▶ Provided data
------------------------------
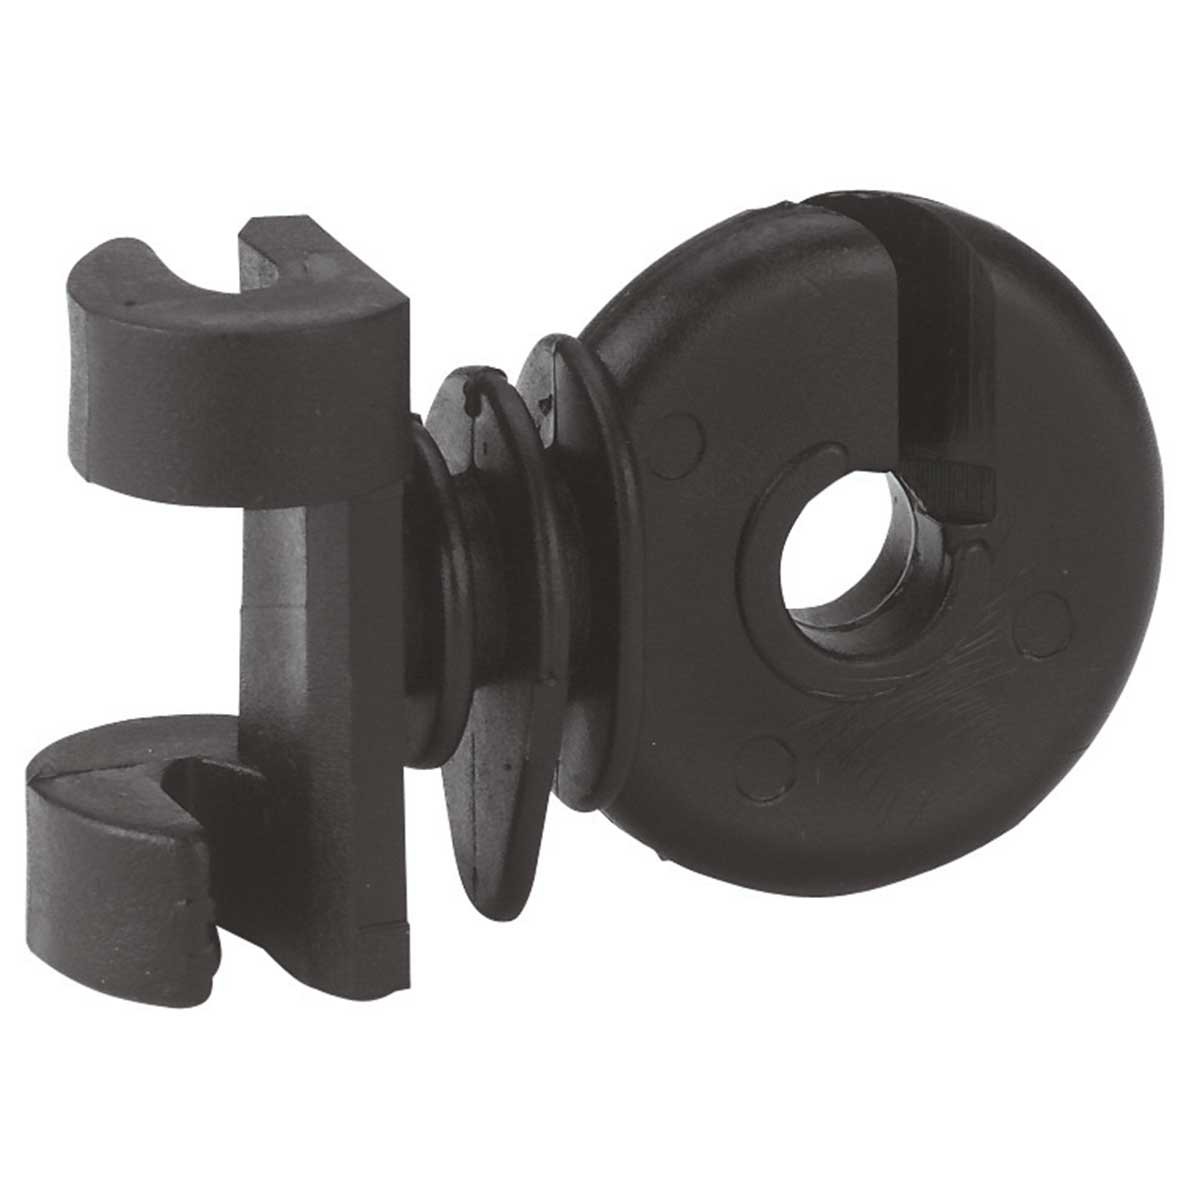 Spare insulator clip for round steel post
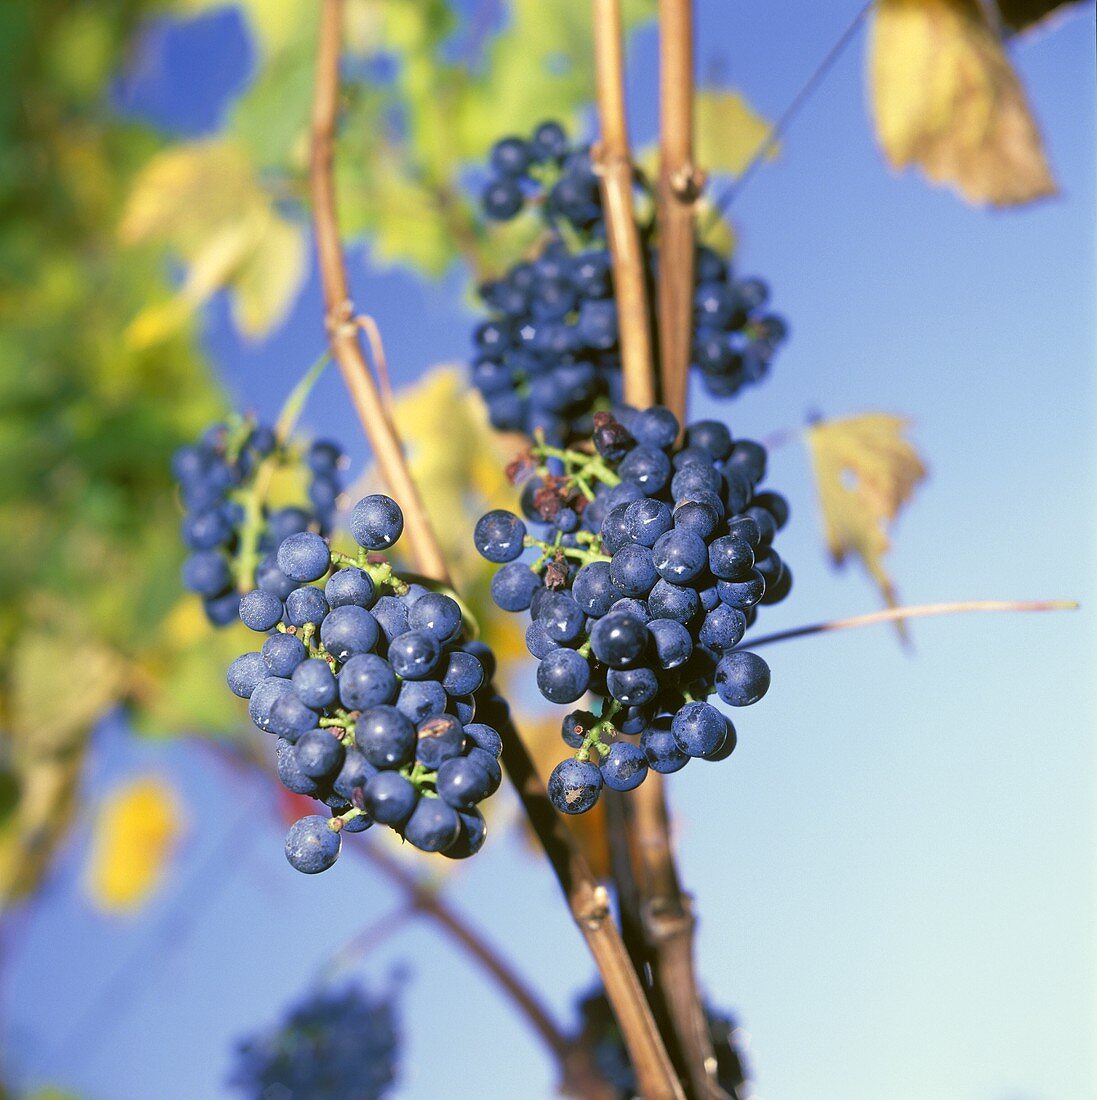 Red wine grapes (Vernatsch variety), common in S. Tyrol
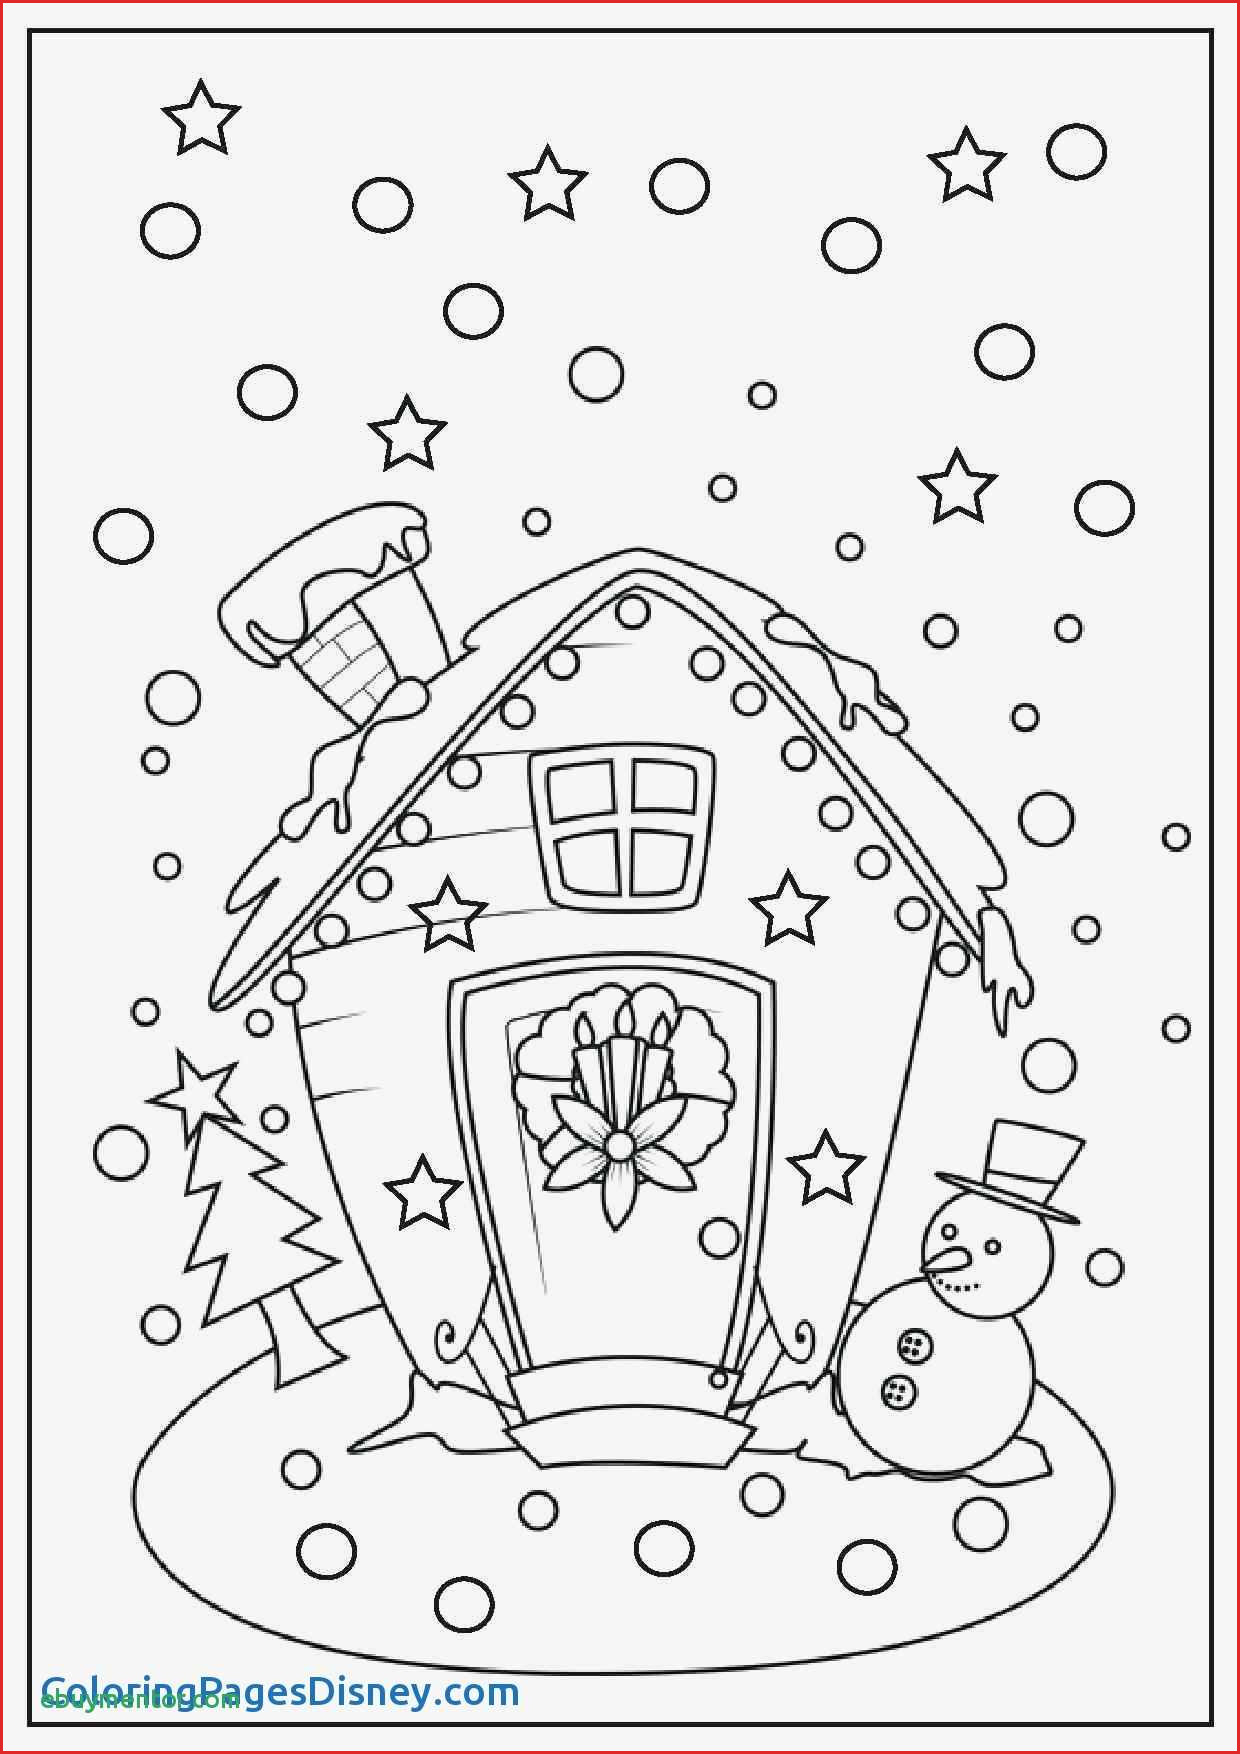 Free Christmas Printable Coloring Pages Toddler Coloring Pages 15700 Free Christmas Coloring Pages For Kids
------------------------------
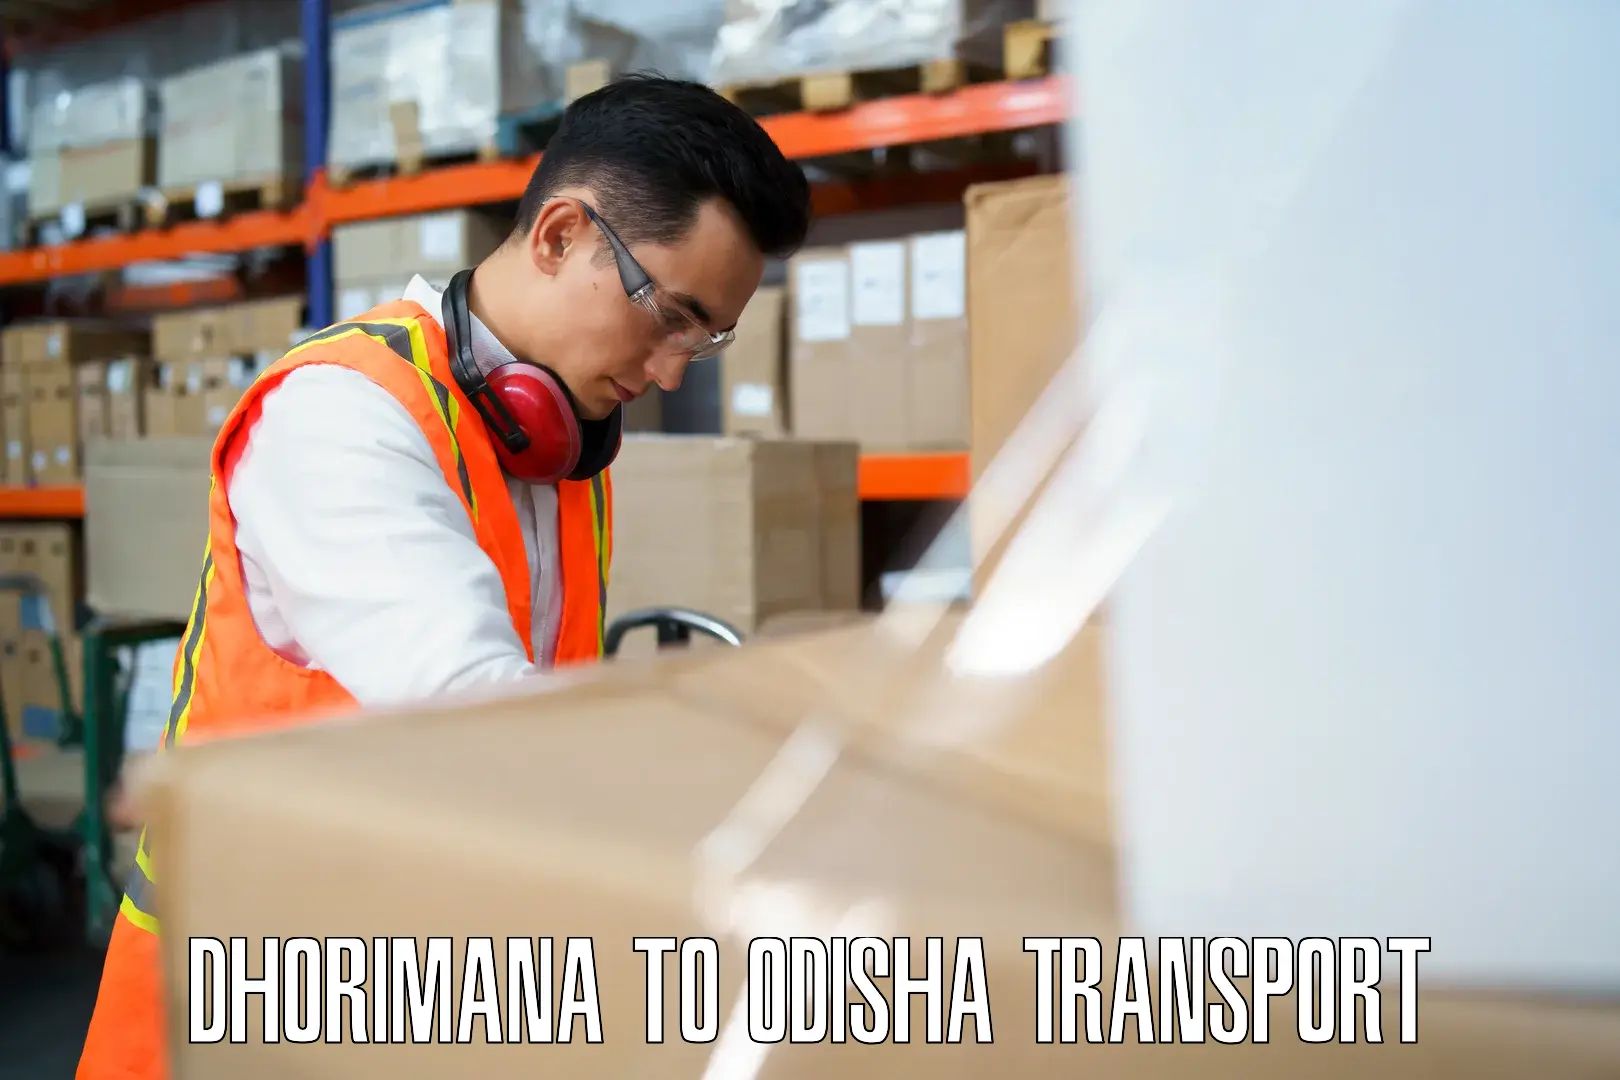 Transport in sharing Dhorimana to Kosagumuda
------------------------------
▶ Exercise
In the records above, find the line with "Red wine grapes" and the line with "Free Christmas Printable", then restate word for word only those two lines and all lines between, omitting pictures.

▶ Response to the task
 Red wine grapes (Vernatsch variety), common in S. Tyrol
 Free Christmas Printable Coloring Pages Toddler Coloring Pages 15700 Free Christmas Coloring Pages For Kids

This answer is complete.